Ingest NYC Taxi Data

This project's objective is to retrieve TLC Trip Record Data on a scheduled basis using Prefect. The collected data is then processed and stored in a PostgreSQL database. The orchestration of these services is managed through Docker Compose.

Start the services

Start the services by running the commands within the root directory.

docker-compose build
docker-compose up -d

Check scheduled tasks in the Prefect Server

Proceed to http://localhost:4200 and select the "Deployment" section. You'll find a scheduled task configured to run every two months on the first day of each month. This schedule aligns with the update frequency of the website. The task is designed to fetch data from the past two months. It's worth noting that, at present, the task retrieves data from the same month in the previous year since data for the current year is not yet available.

schedule

To manually execute the task, select Run followed by Quick Run in the upper-right corner of the task. After the task is complete, you can review the results and access the logs for further information.

task_result

Check the data in PostgresSQL

To access the PostgreSQL data, navigate to pgAdmin. You can log in with the username admin@admin.com and the password admin. To register the server, please enter the information as indicated in the figures.
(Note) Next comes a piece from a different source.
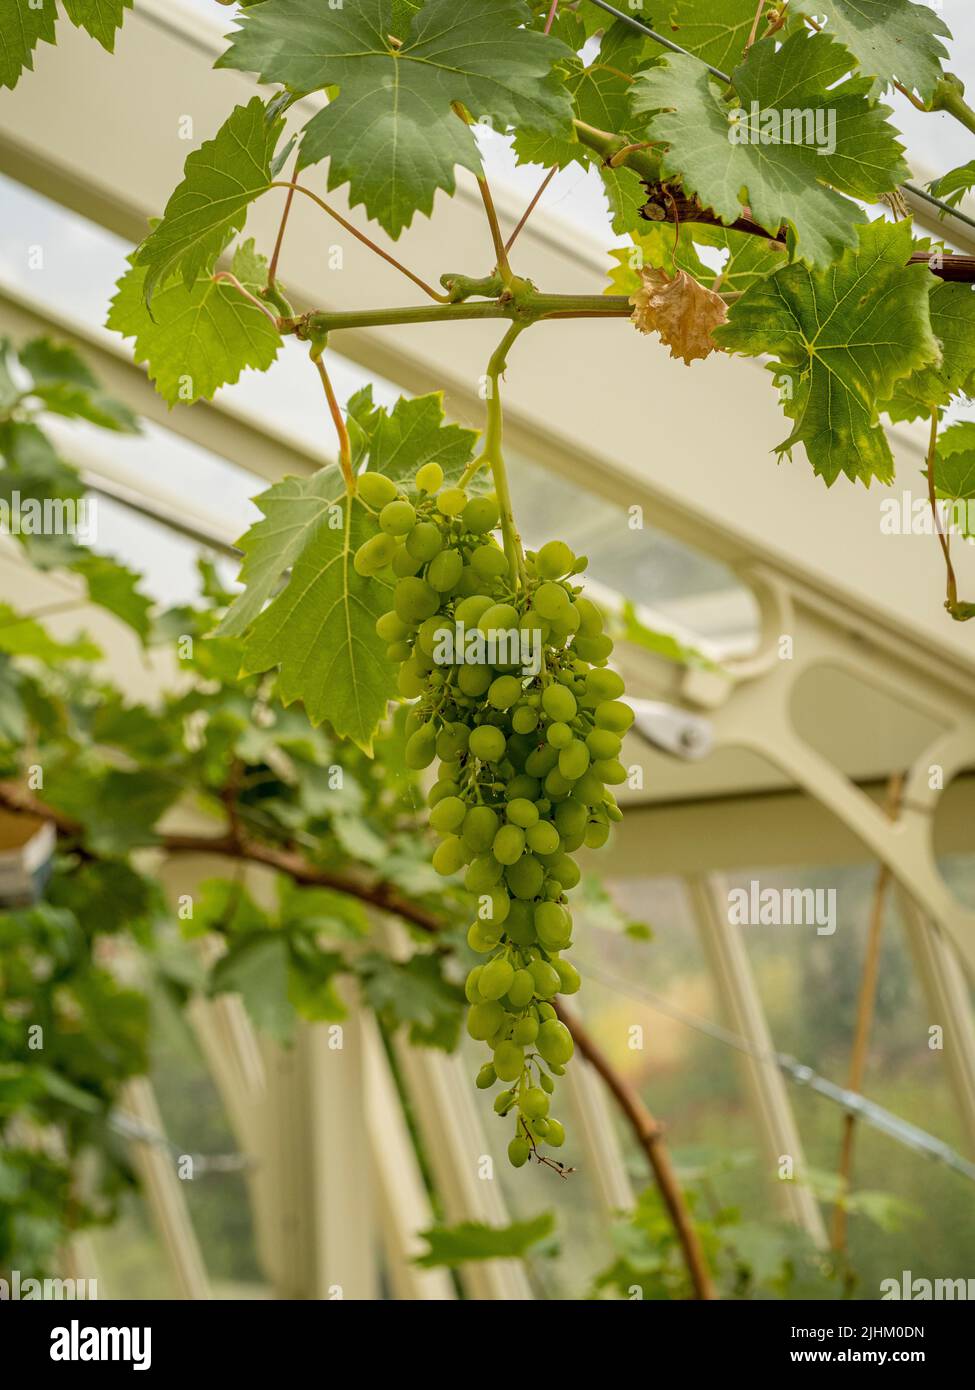 Racimos de uvas verdes colgando de la vid en un invernadero británico. Foto de stock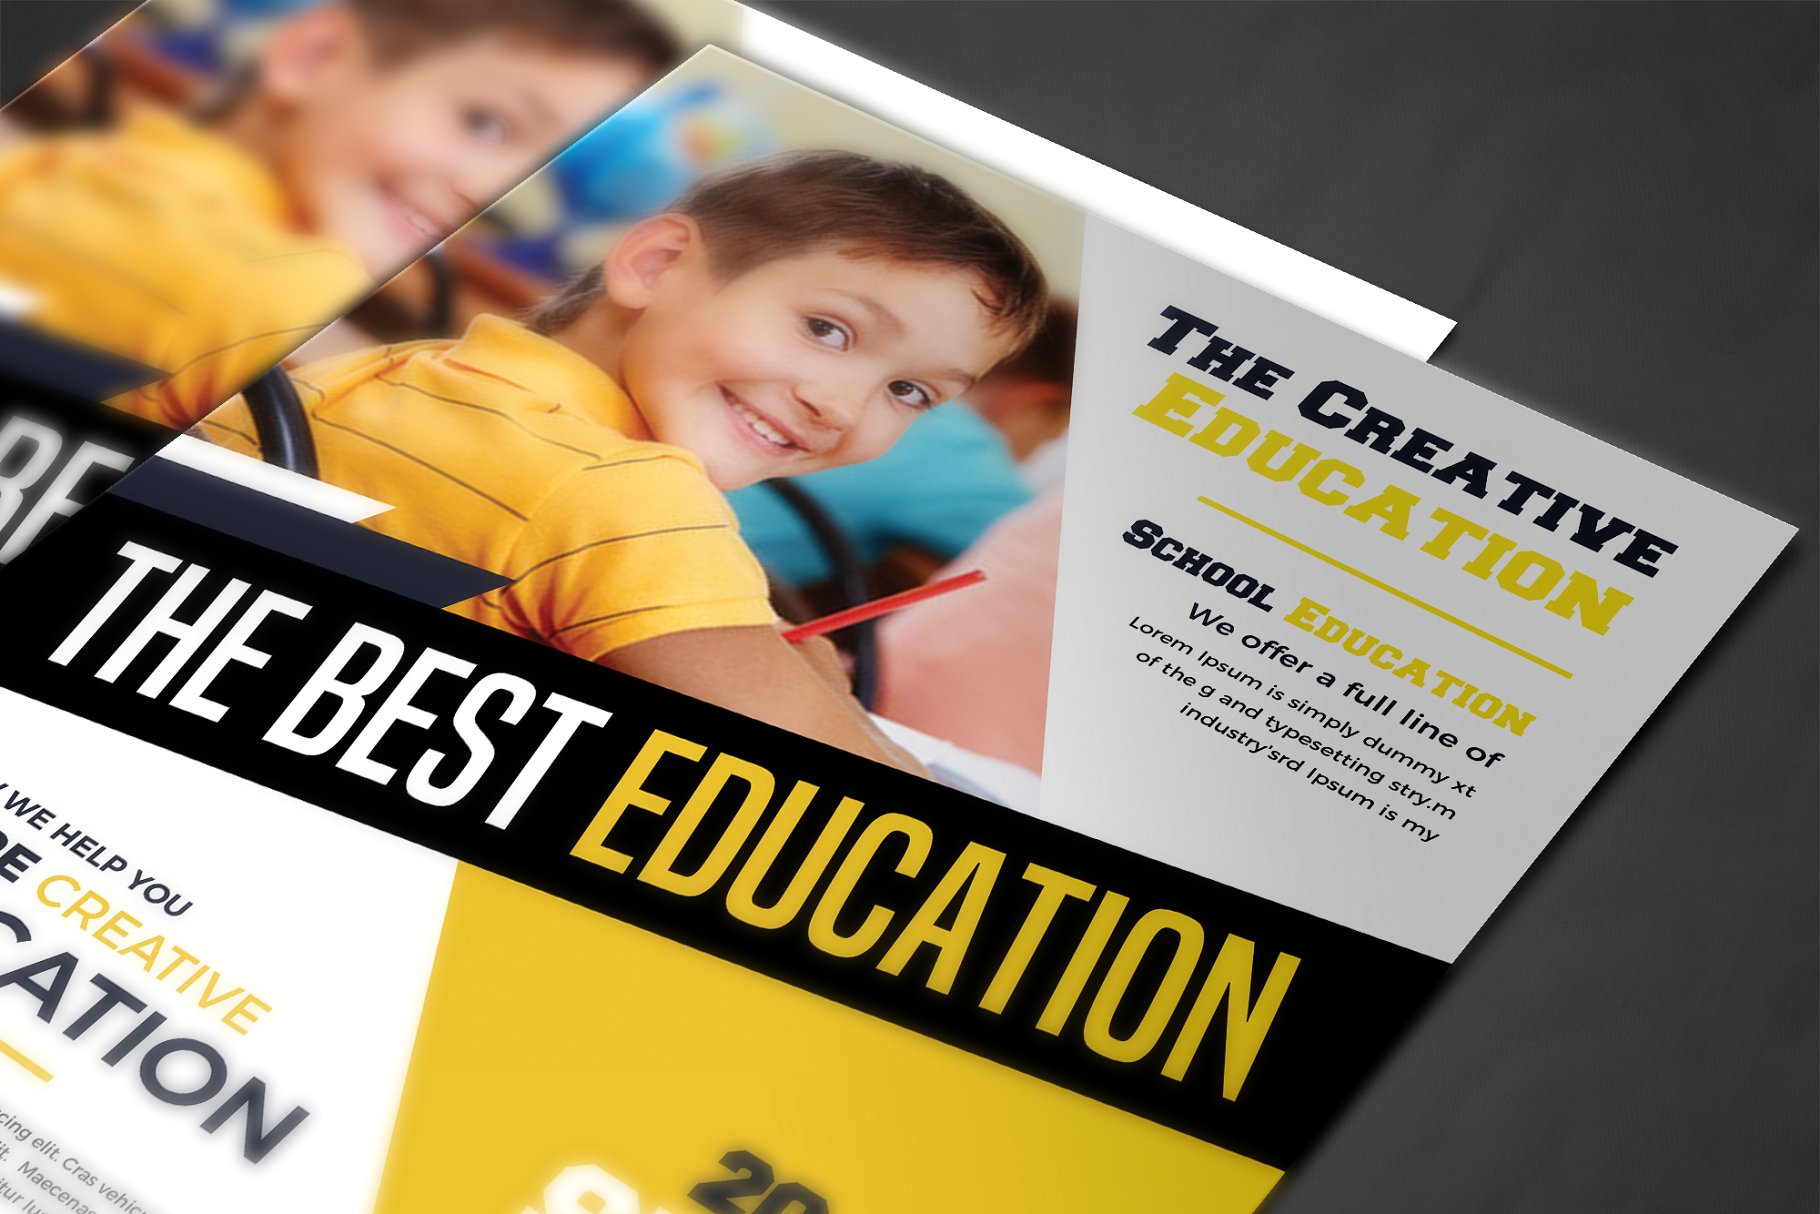 校园教育主题海报设计模板 School Education Flyer Templates插图(3)

Ensure that the server name matches the configuration provided in docker-compose.yml.

pdadmin1

pgadmin2

Once the server is registered, you can execute queries to verify that the data has been successfully stored in the database.

query1

query2

Clean up

To stop the services, execute the following command in the root directory:

docker compose down --rmi all

This will stop and remove the images and containers defined in the Docker Compose configuration.